The lines to return run from the one containing "Koville Cabinets" through the end of the material; give them exactly and leave out the pictures.

> **INPUT DATA**
◇ ◇ ◇
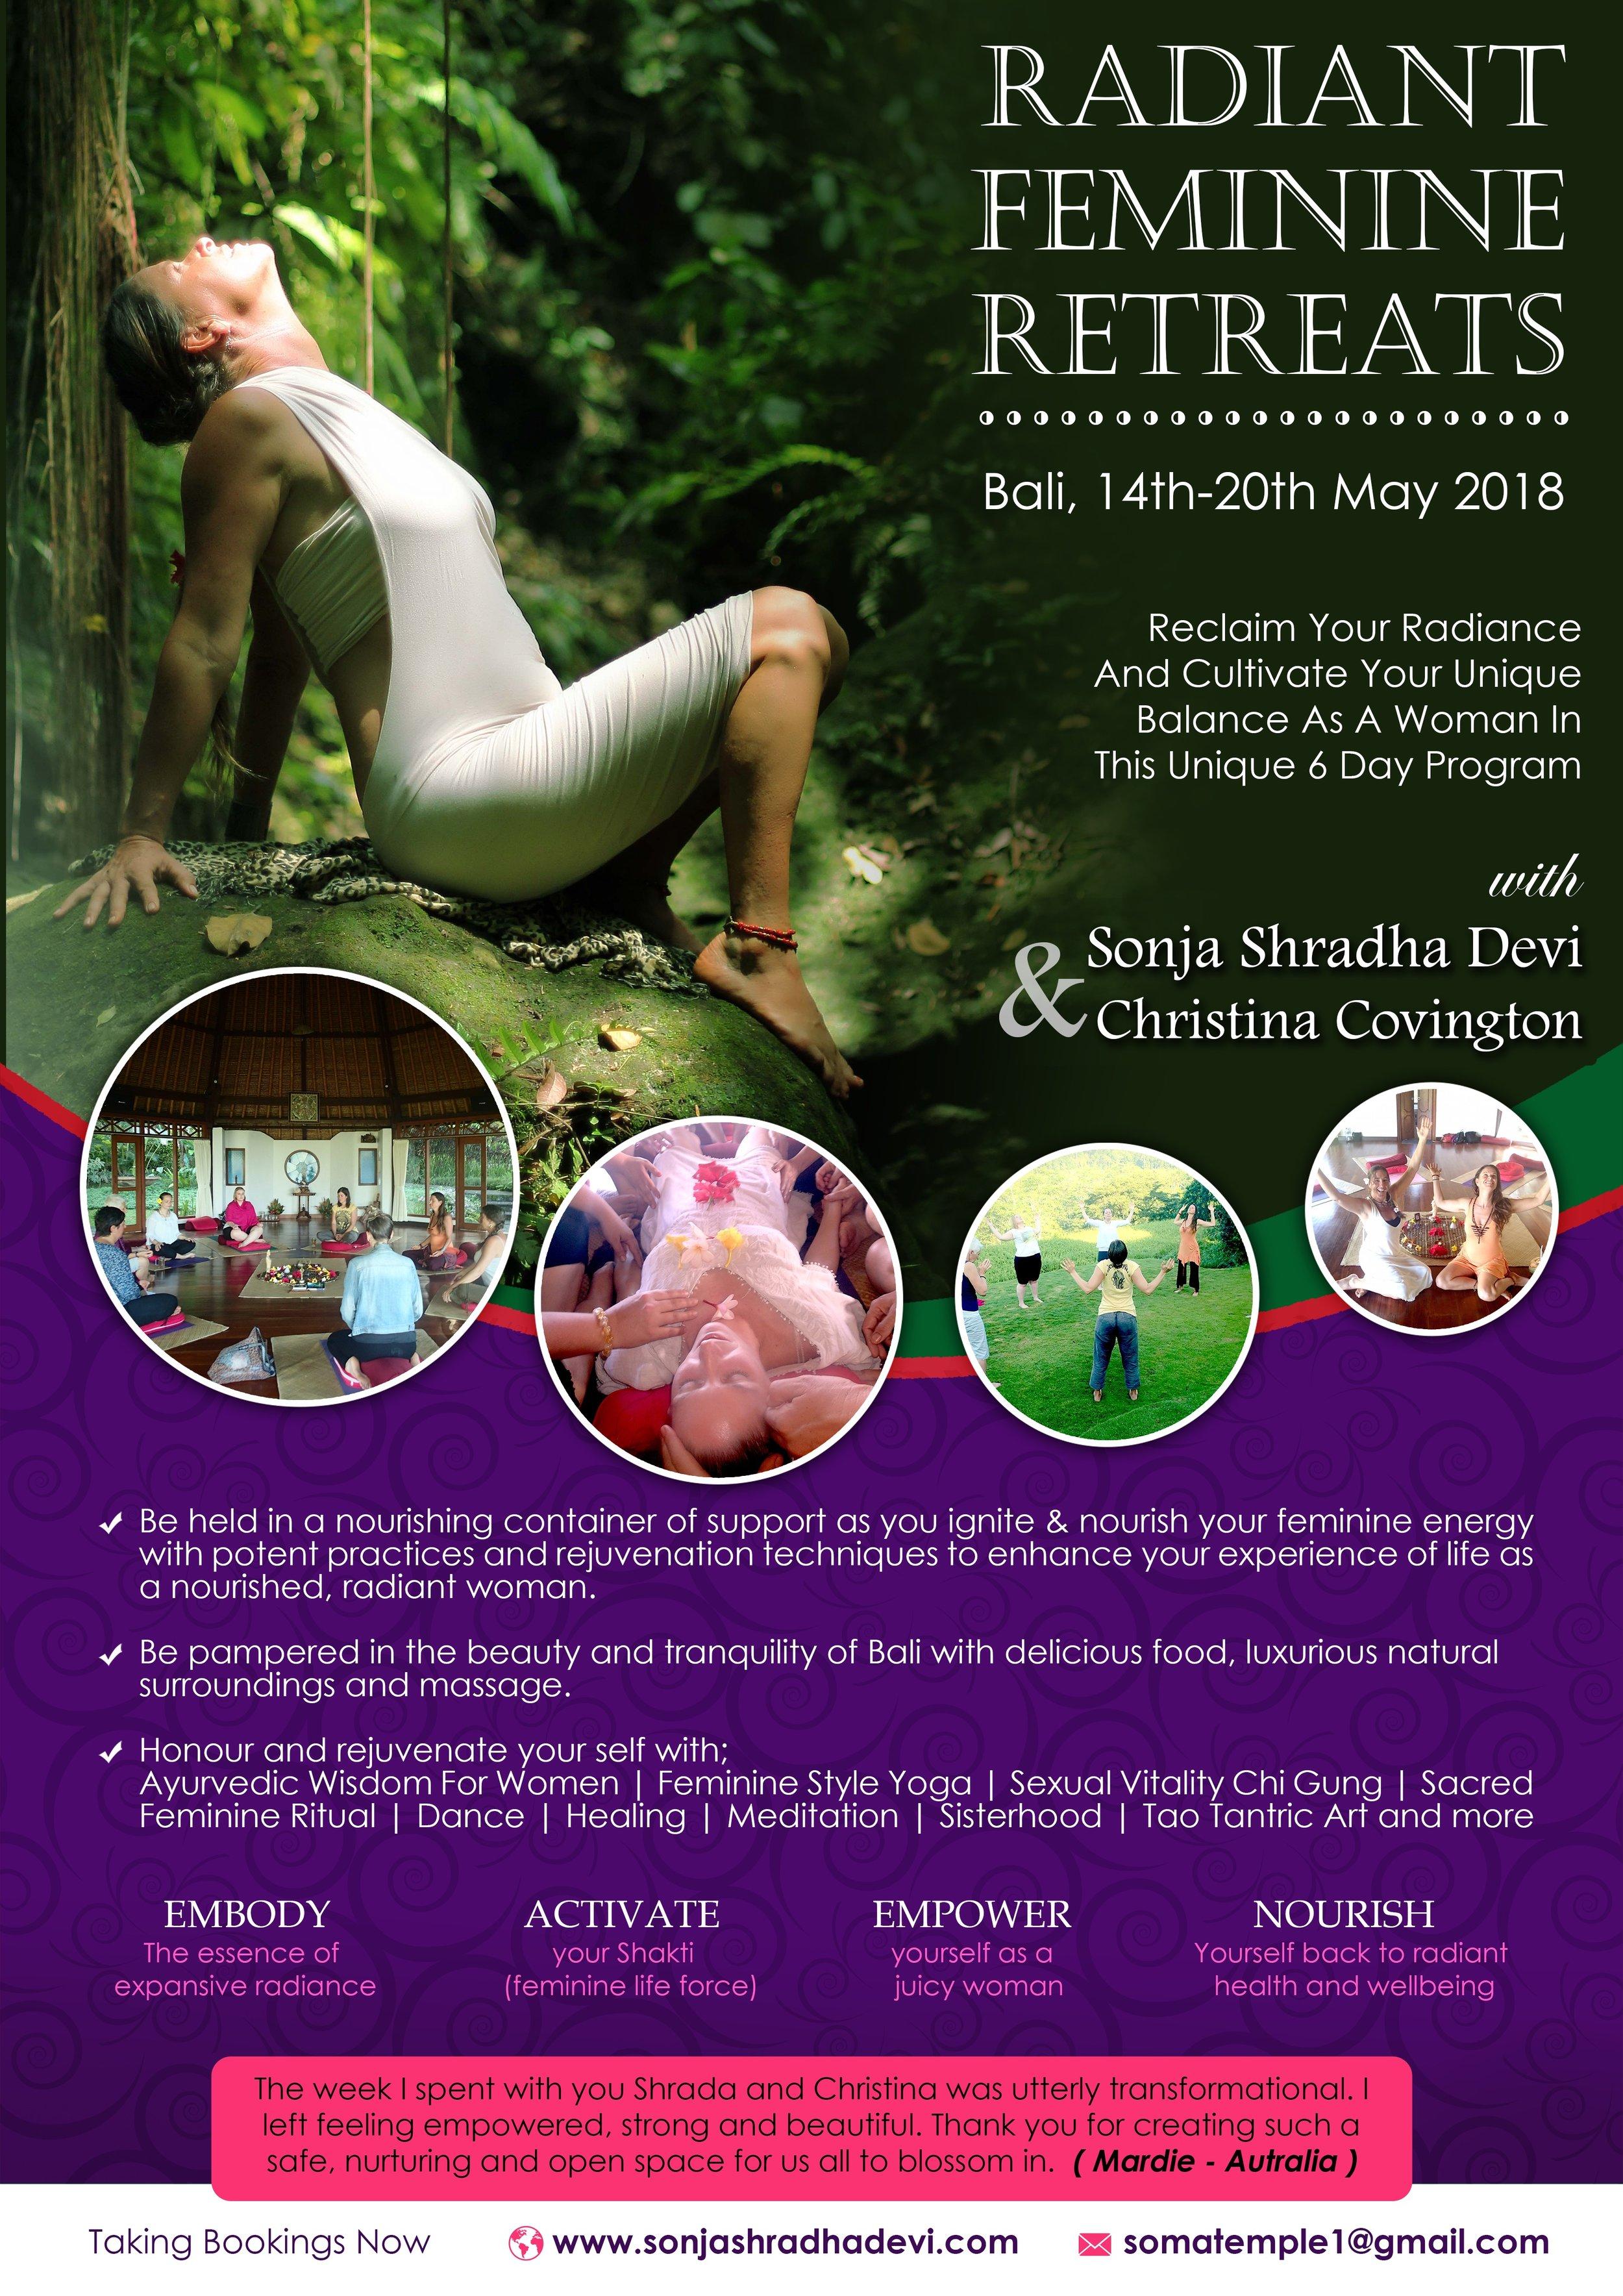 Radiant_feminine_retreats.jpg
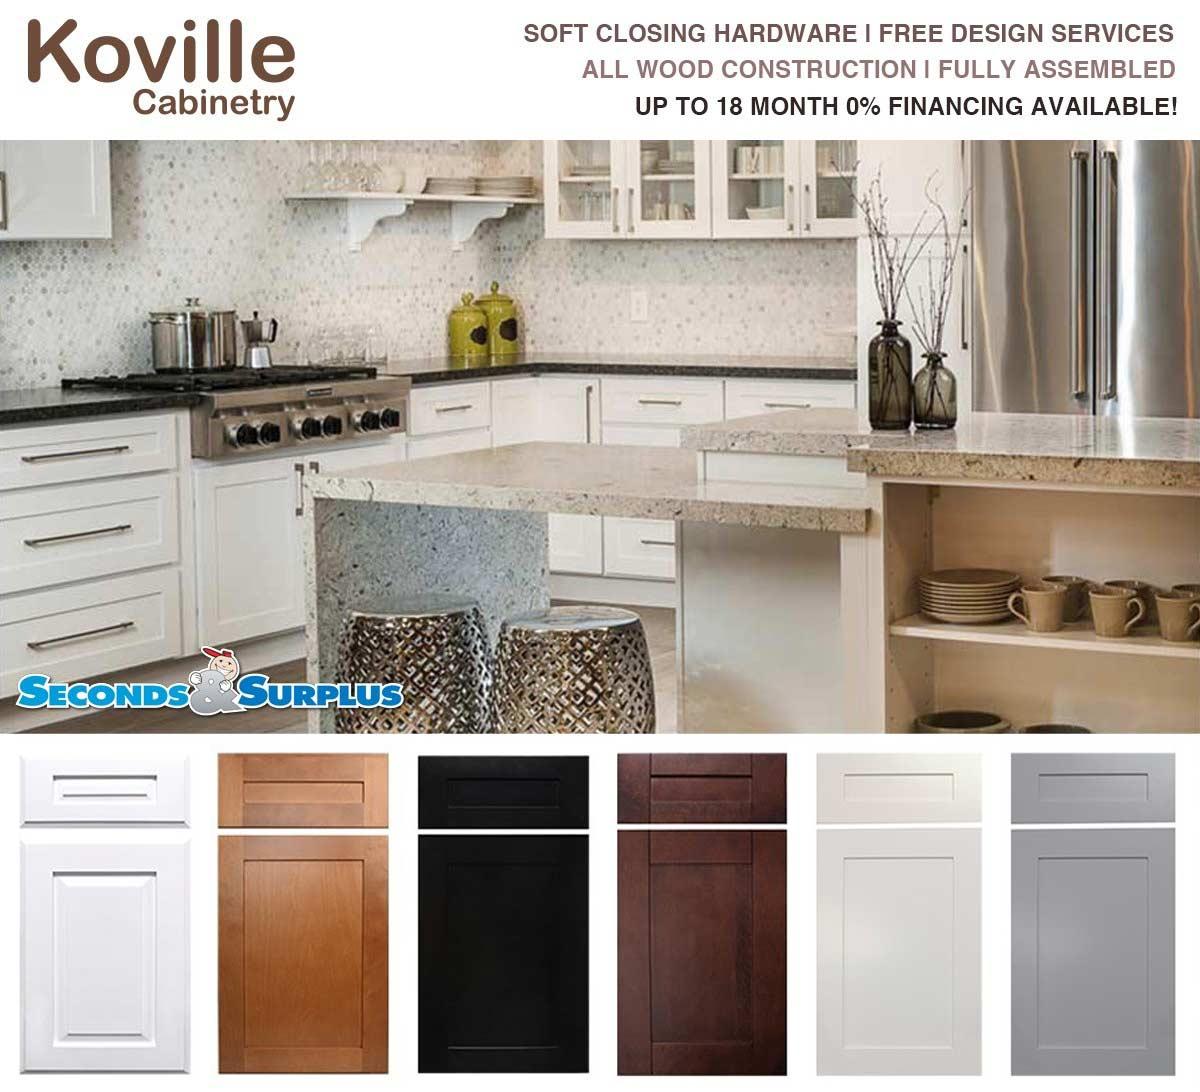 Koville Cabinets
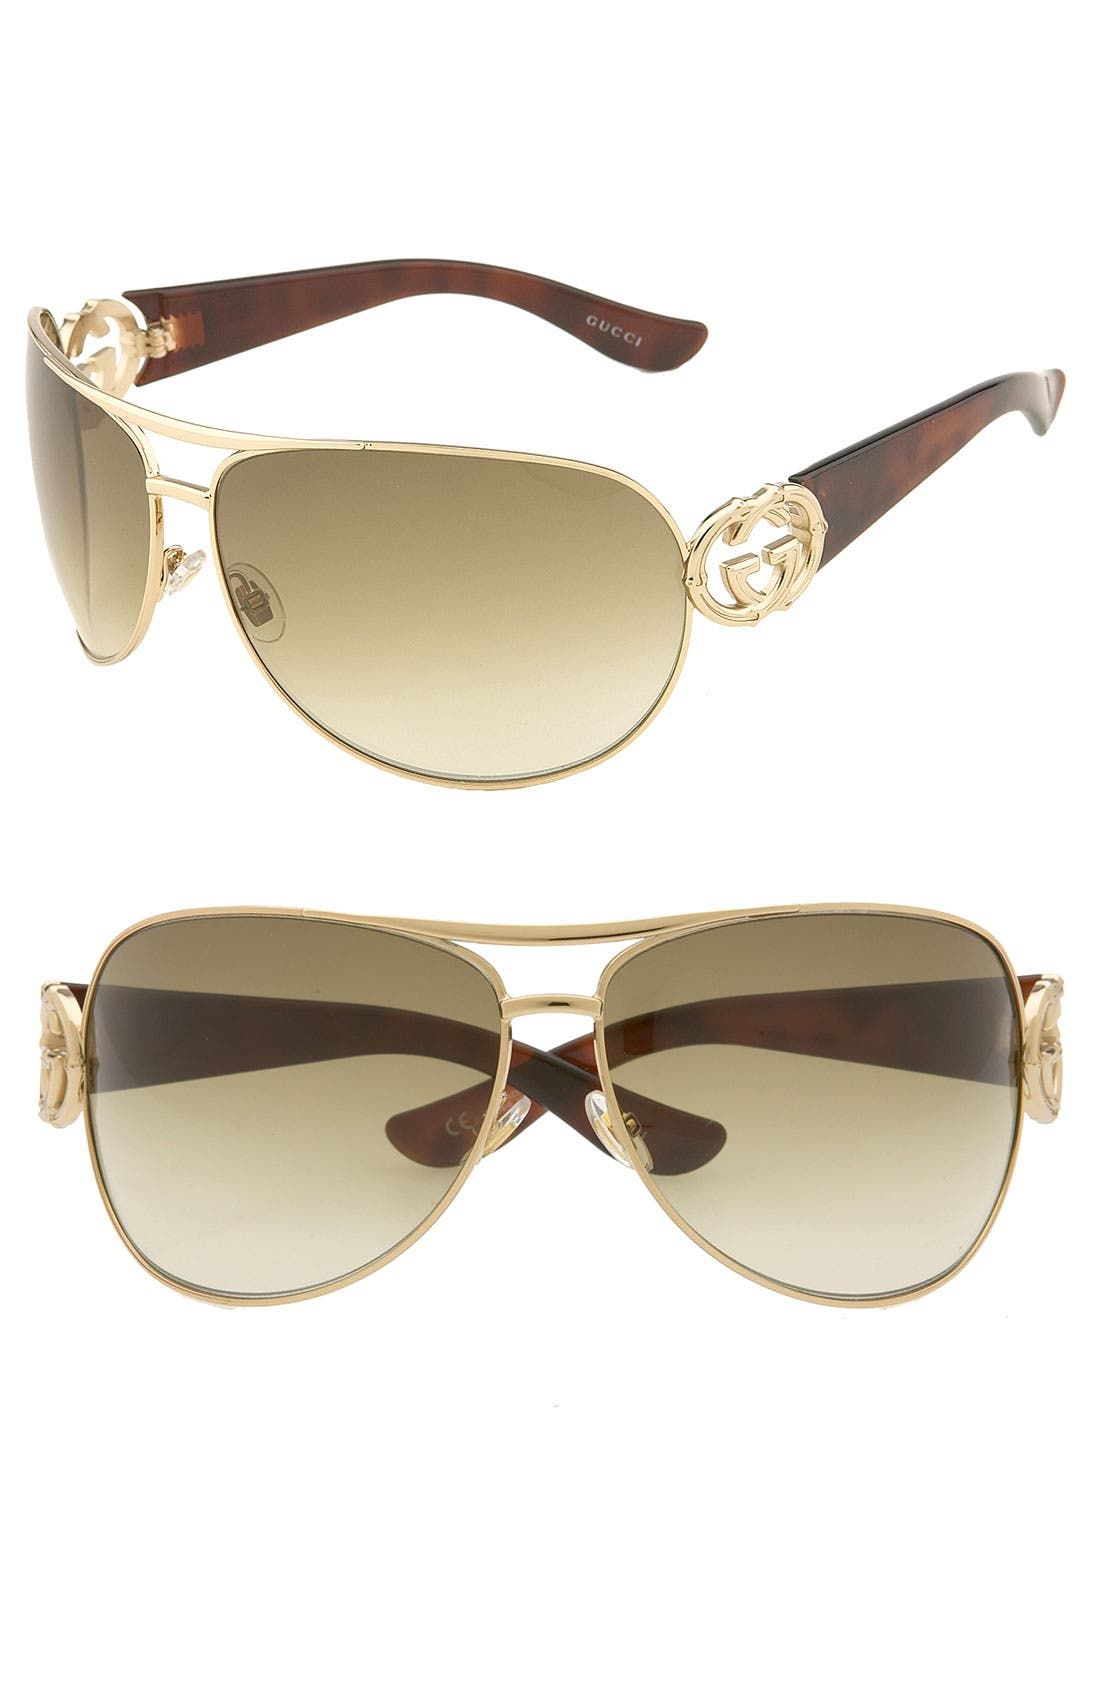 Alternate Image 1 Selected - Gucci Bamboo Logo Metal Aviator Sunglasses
◇ ◇ ◇
> **SOLVED PROBLEM**
 Koville Cabinets
 Alternate Image 1 Selected - Gucci Bamboo Logo Metal Aviator Sunglasses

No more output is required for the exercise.